THE EQUATION FOR SOLVING LUCAS' TOWER

THE EQUATION FOR SOLVING LUCAS' TOWER

One of the many interesting things about Lucas’ Tower is that there is an equation that will tell you the minimum number of steps you can take to complete the puzzle - the optimal solution. Since you can make a Lucas’ tower with any number of disks (in theory), that number is determined by an explicit equation: 2^n-1, with n being the number of disks. In your case, with eight disks, that means the fewest number of moves possible to complete the puzzle is 2^8-1, or 255. 


That formula is actually what ties the Tower to the legendary Hitchhiker’s Guide to the Galaxy. It has to do with the number 42, which as anyone who’s read, seen, or listened to an adaptation of the Guide knows, is the answer to the Ultimate Question of Life, The Universe, And Everything! 

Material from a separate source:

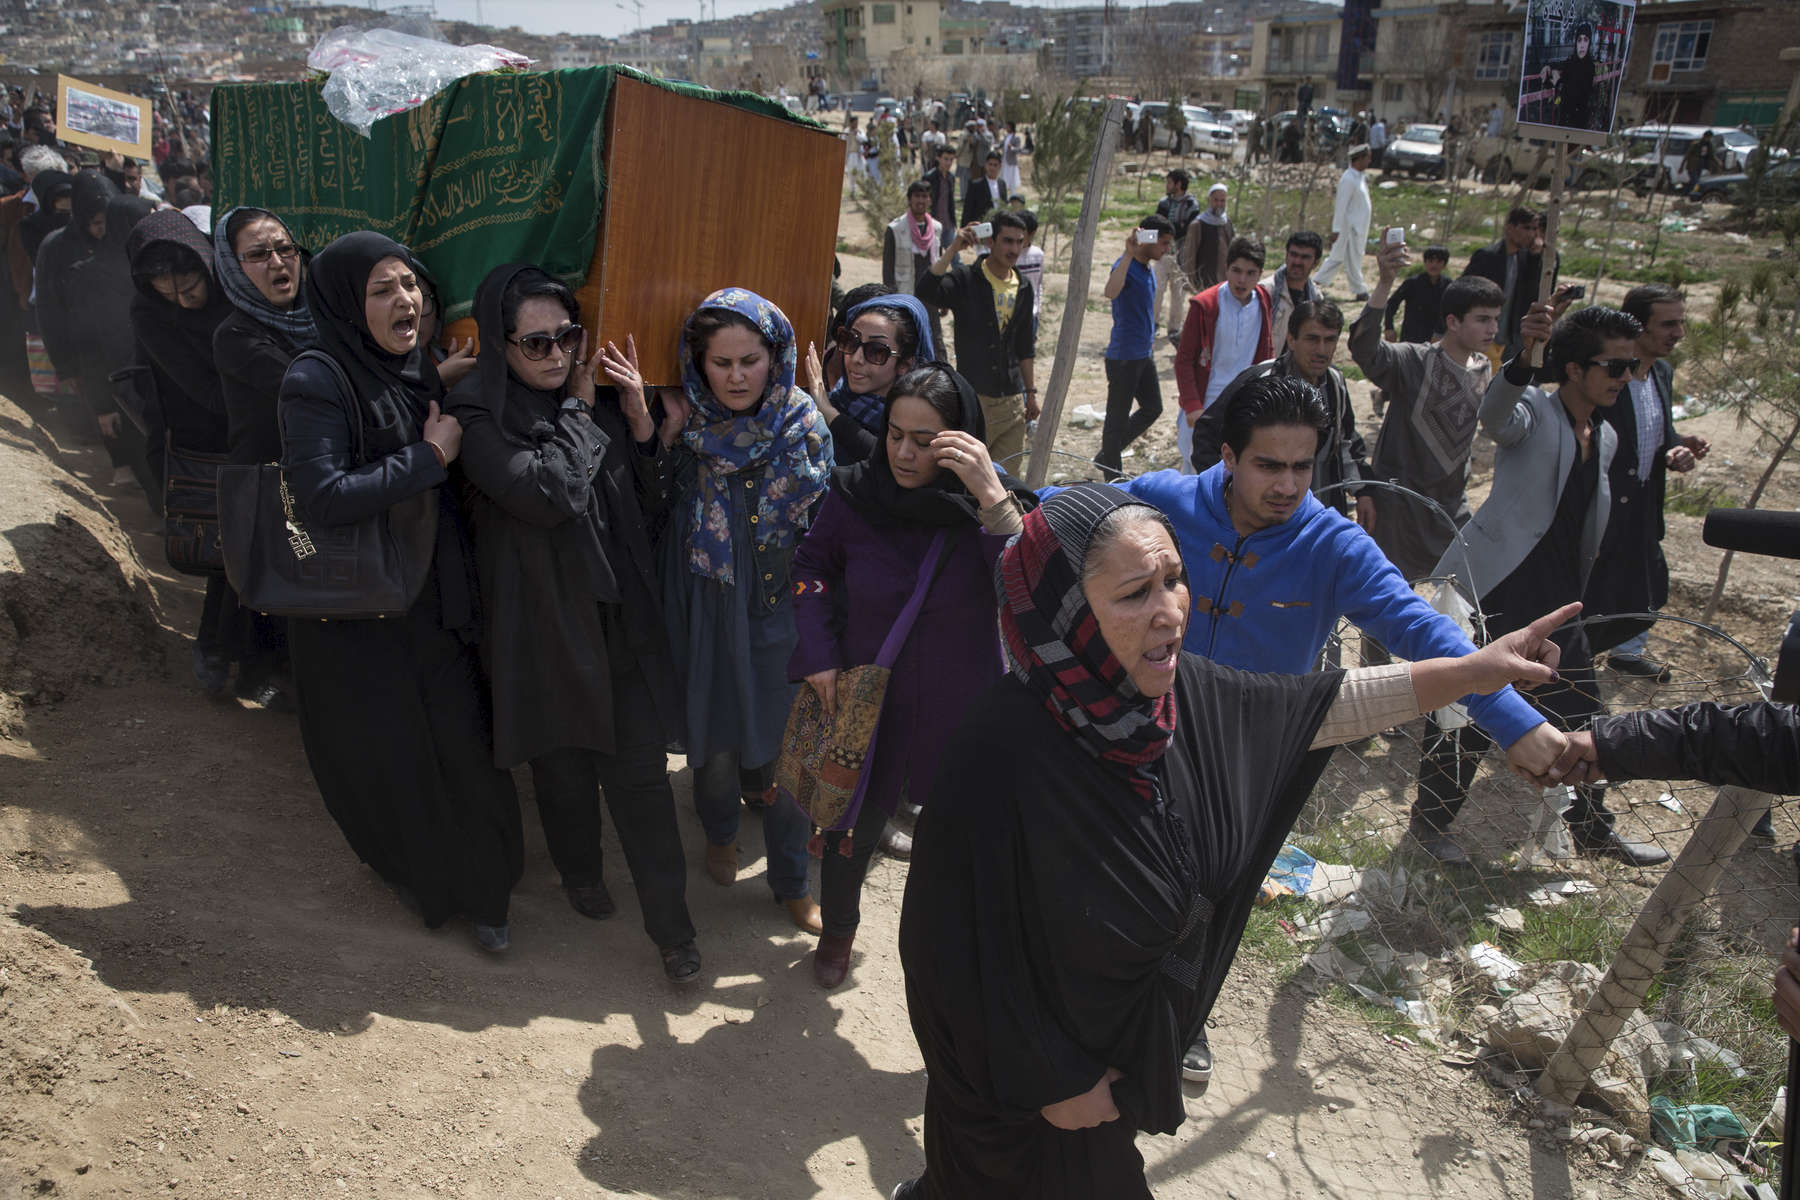 KABUL, AFGHANISTAN - MARCH 22, 2015:  Relatives friends and women\'s rights activists carry the casket of Farkhunda , 27, who was killed by a mob in the center of Kabul and was violently beaten and set on fire onThursday. She was attacked for allegedly burning a copy of the holy Quran which was false. Kabul police have detained nine people related to Farkhnuda’s case. President Ashraf Ghani has appointed a delegation to probe the incident. The Imam of Wazir Akbar Khan Mosque was denied permission to take part at Farkhunda’s funeral following his remarks on her death.(Photo by Paula Bronstein/ for the Wall Street Journal)

We’ve found that eight disks make for a satisfying but solvable puzzle, but do you remember the number in the mythical temple of the tower’s origin story? (just so you don’t have to go back and look that up, it’s 64). Now, as computer scientist Ian Parberry discovered, if you plug 64 disks into the solution equation, you find that according to that story, the puzzle that will bring about the end of the world when solved will take the monks 2^64−1 moves to complete. If they move a disk once per second (they’re monks who have spent their lives moving the disks, so they’re probably pretty good at it), that will take them 5.85x1011 (585 billion) years. While the precise age of the universe isn’t known, cosmologists believe it’s around 13.77 billion years old. And if you divide 585 billion by 13.77 billion you’re in the ballpark of - you guessed it! - 42. Maybe Douglas Adams was onto something after all.


How about the strange death of Édouard Lucas, inventor of the puzzle? Lucas was a renowned French mathematician, known for his work on number theory; among other things, he coined the term “Fibonacci sequence.” But poor Édouard died in what’s been called an “absurd accident,” all because he picked the wrong place to eat dinner. 


One night in 1891, Lucas was enjoying a fancy banquet at the French Society for the Advancement of Science, when a passing waiter dropped an armful of plates. As the crockery shattered, a fragment rocketed up and scratched Édouard Lucas on the cheek. A minor cut, no problem, right? A few days later, the scratch became infected, and one of the greatest mathematical minds of the 19th century passed away, from what is now an easily curable case of erysipelas.


Poor Édouard is gone, but his legacy lives on! Our Lucas’ Tower is a classic, compelling puzzle, with a clever but achievable solution. We hope you enjoy it.